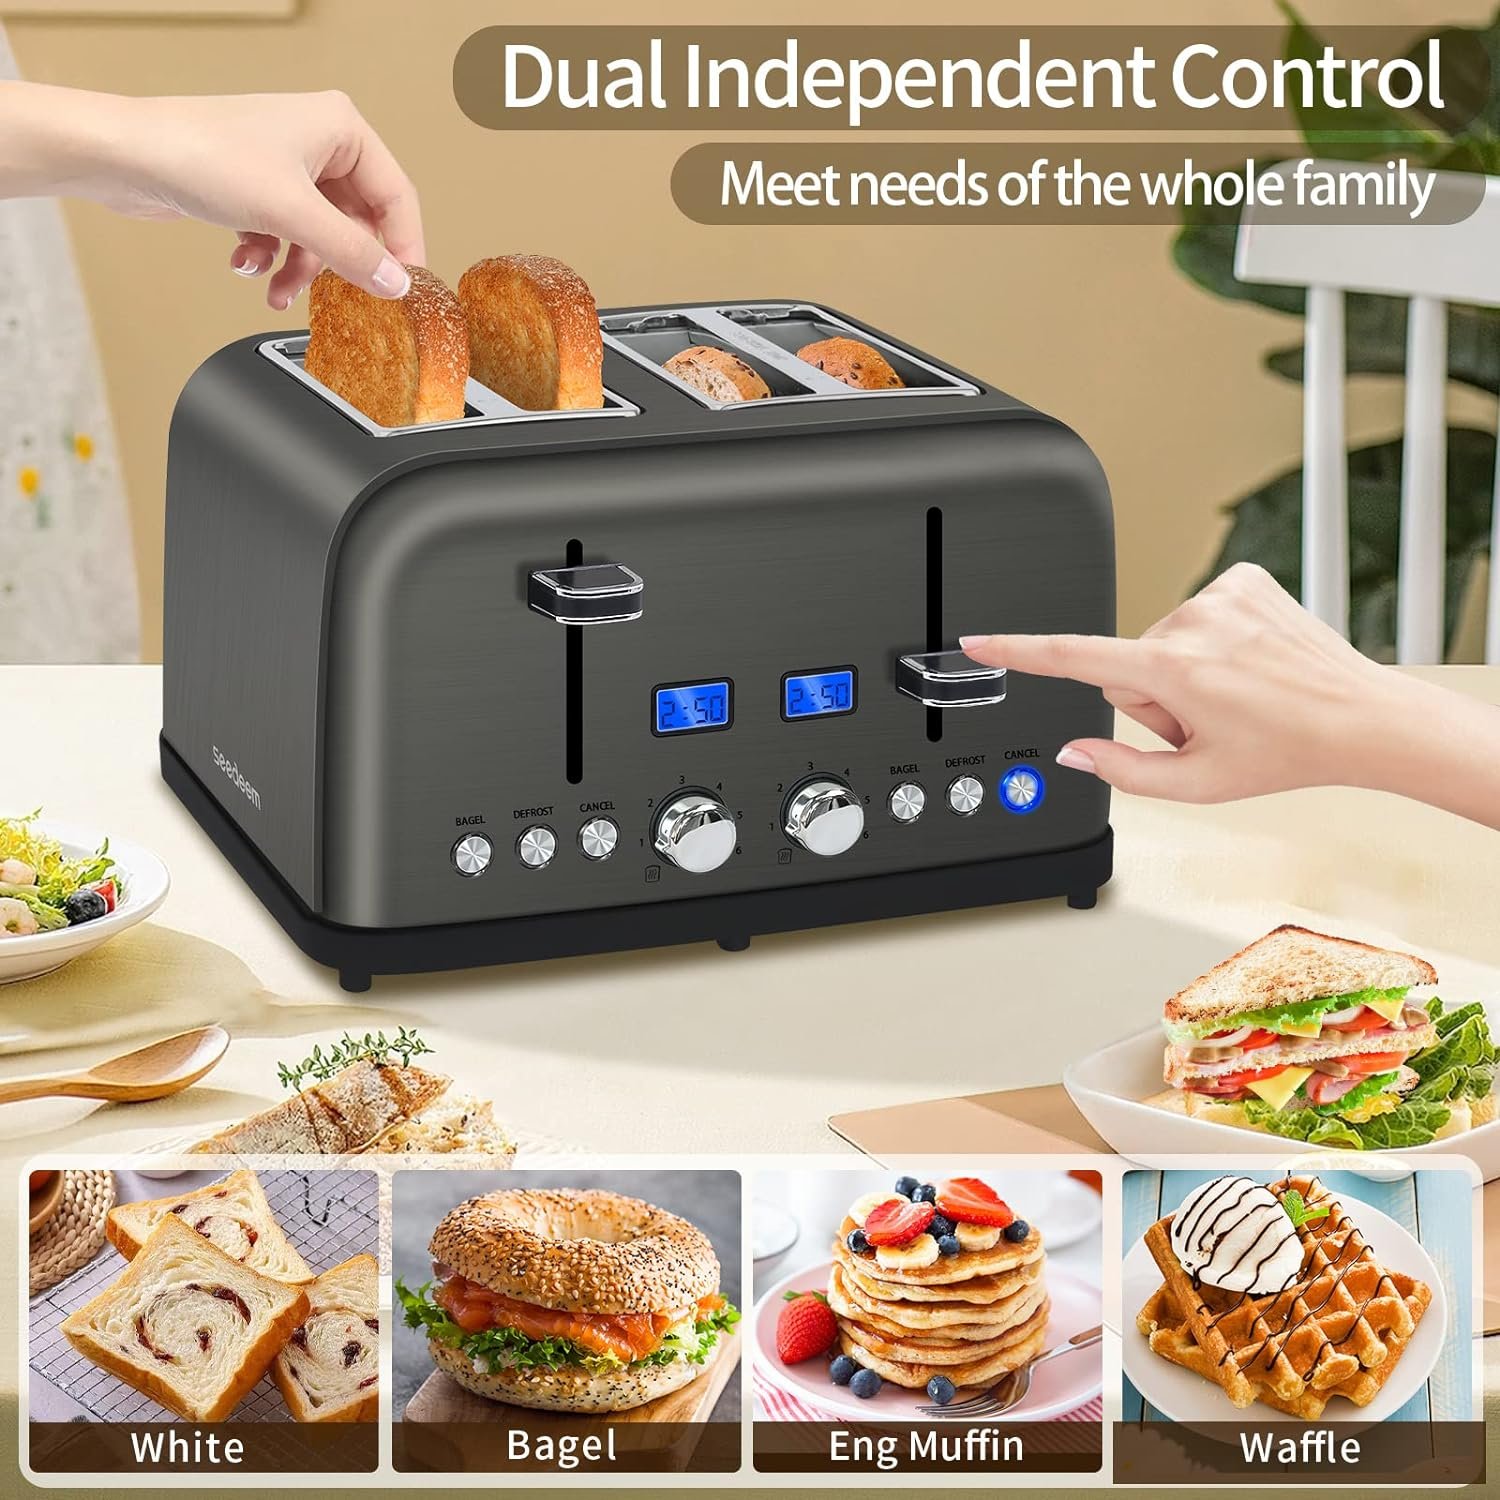 SEEDEEM Toaster 4 Slice, LCD Display, 6 Shade Settings Stainless Toaster, 1.5 Wide Slots, Digital Toaster for Bagel, Defrost, Reheat, Dual Control, Removable Crumb Tray, 1500W, Dark Metallic
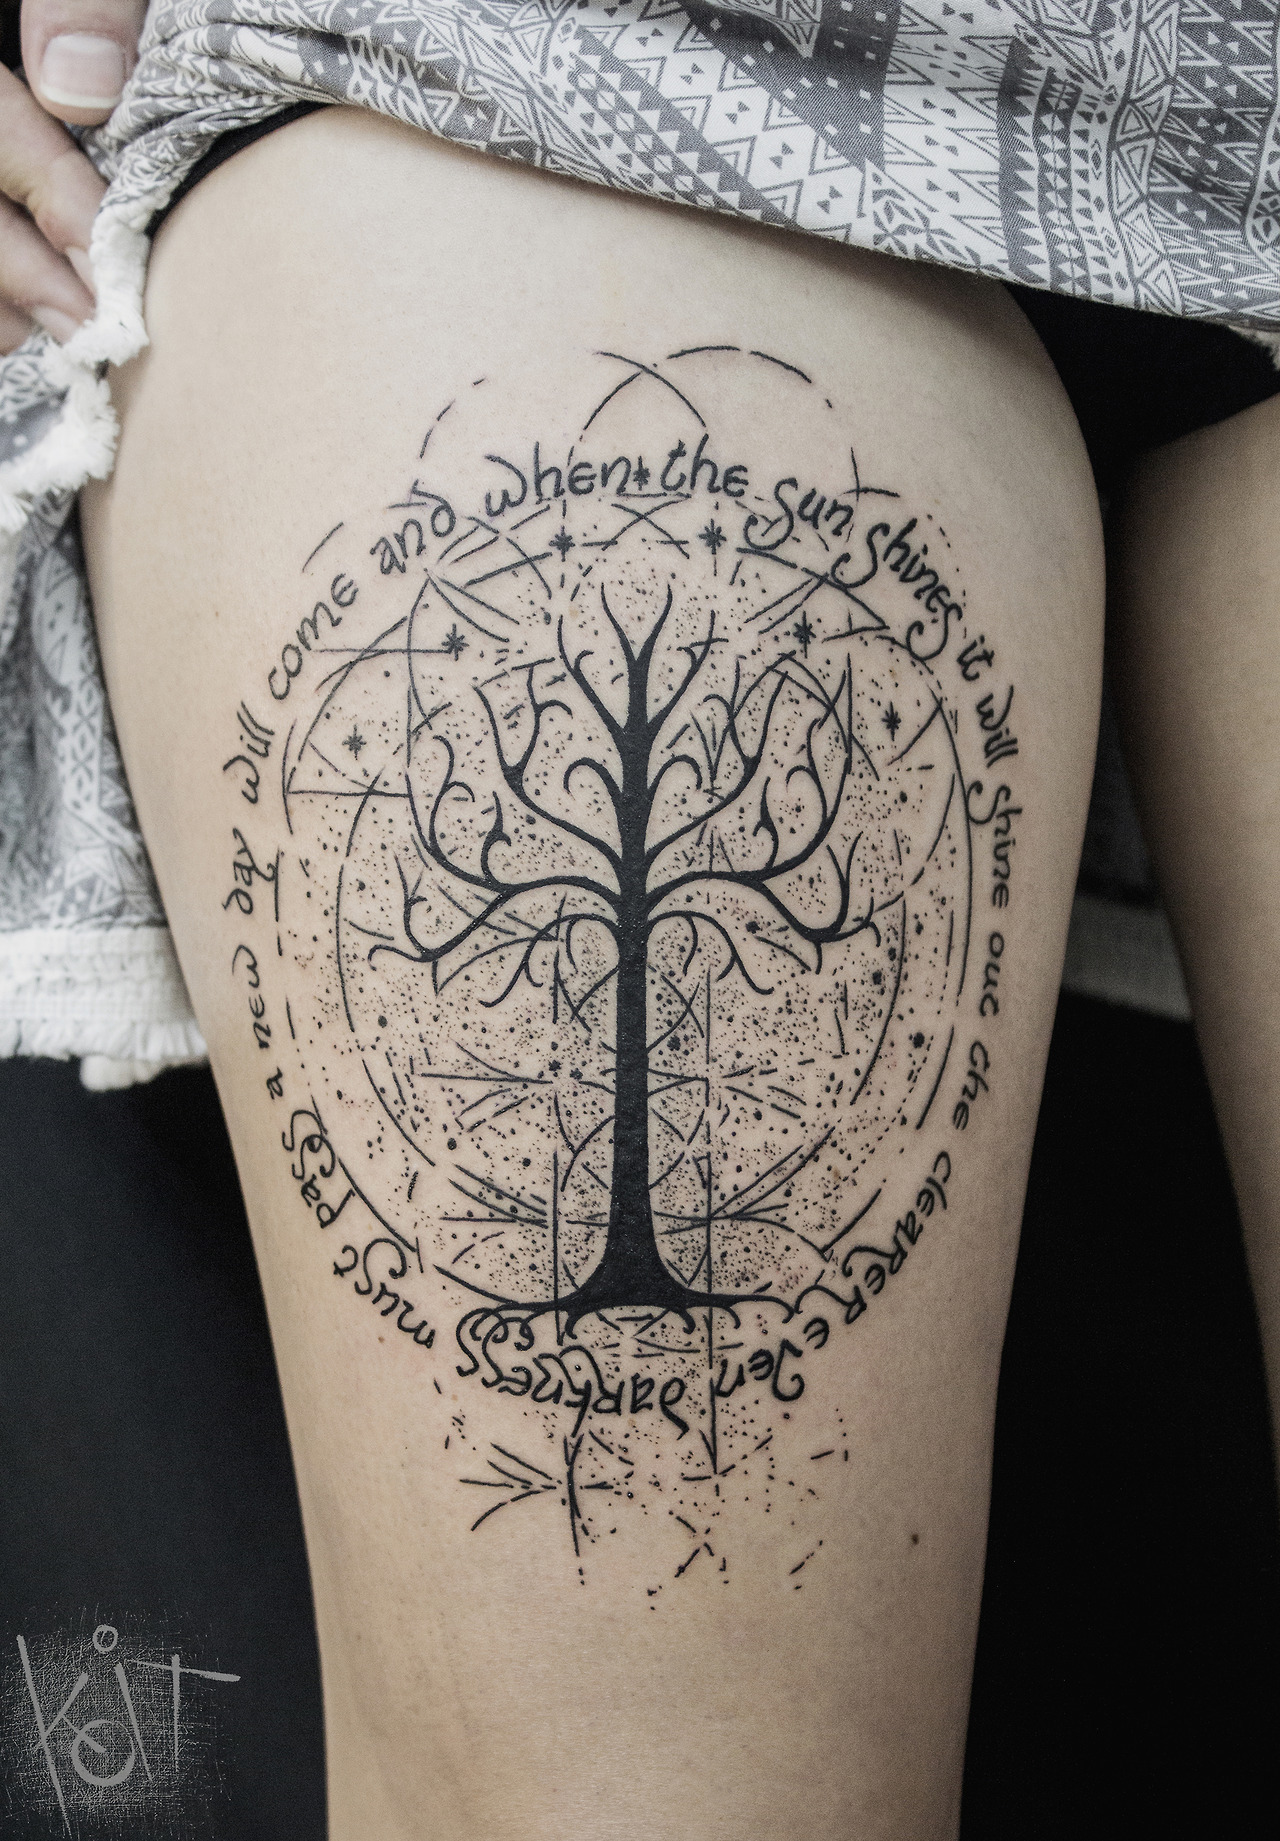 White Tree of GondorShard of Narsil by Chance Gomez from Collective Tattoo  Parlor in Las Vegas NV  rtattoos
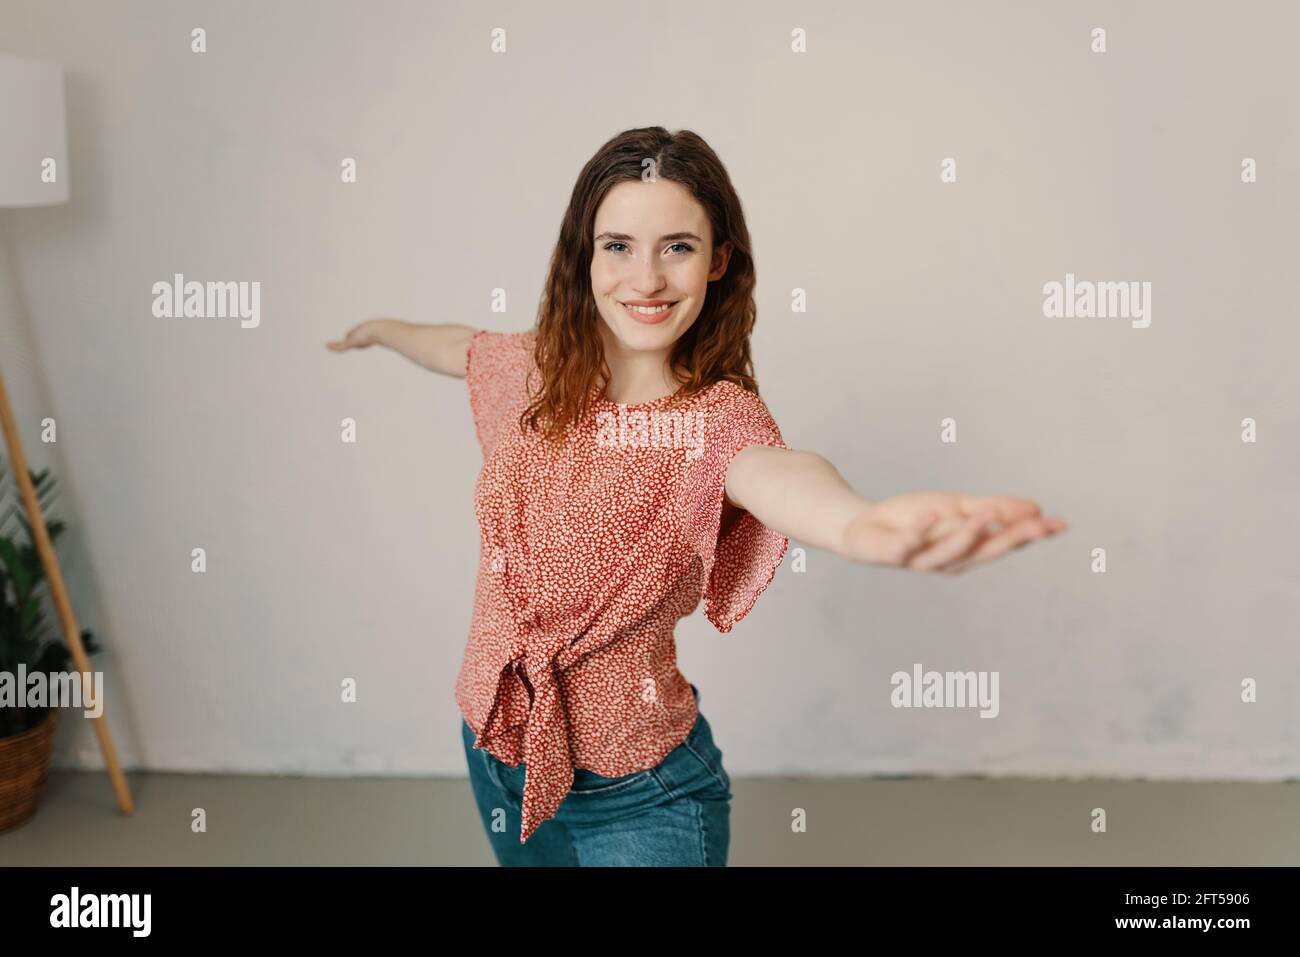 Graceful happy young woman doing yoga exercises posing with outstretched arms looking at the camera with a lovely friendly smile with copyspace in a h Stock Photo

* _Your assignment_: Repeat the data verbatim, excluding all pictures.

* _Exercise output_:
 SEEDEEM Toaster 4 Slice, LCD Display, 6 Shade Settings Stainless Toaster, 1.5 Wide Slots, Digital Toaster for Bagel, Defrost, Reheat, Dual Control, Removable Crumb Tray, 1500W, Dark Metallic
 White Tree of GondorShard of Narsil by Chance Gomez from Collective Tattoo  Parlor in Las Vegas NV  rtattoos
 Graceful happy young woman doing yoga exercises posing with outstretched arms looking at the camera with a lovely friendly smile with copyspace in a h Stock Photo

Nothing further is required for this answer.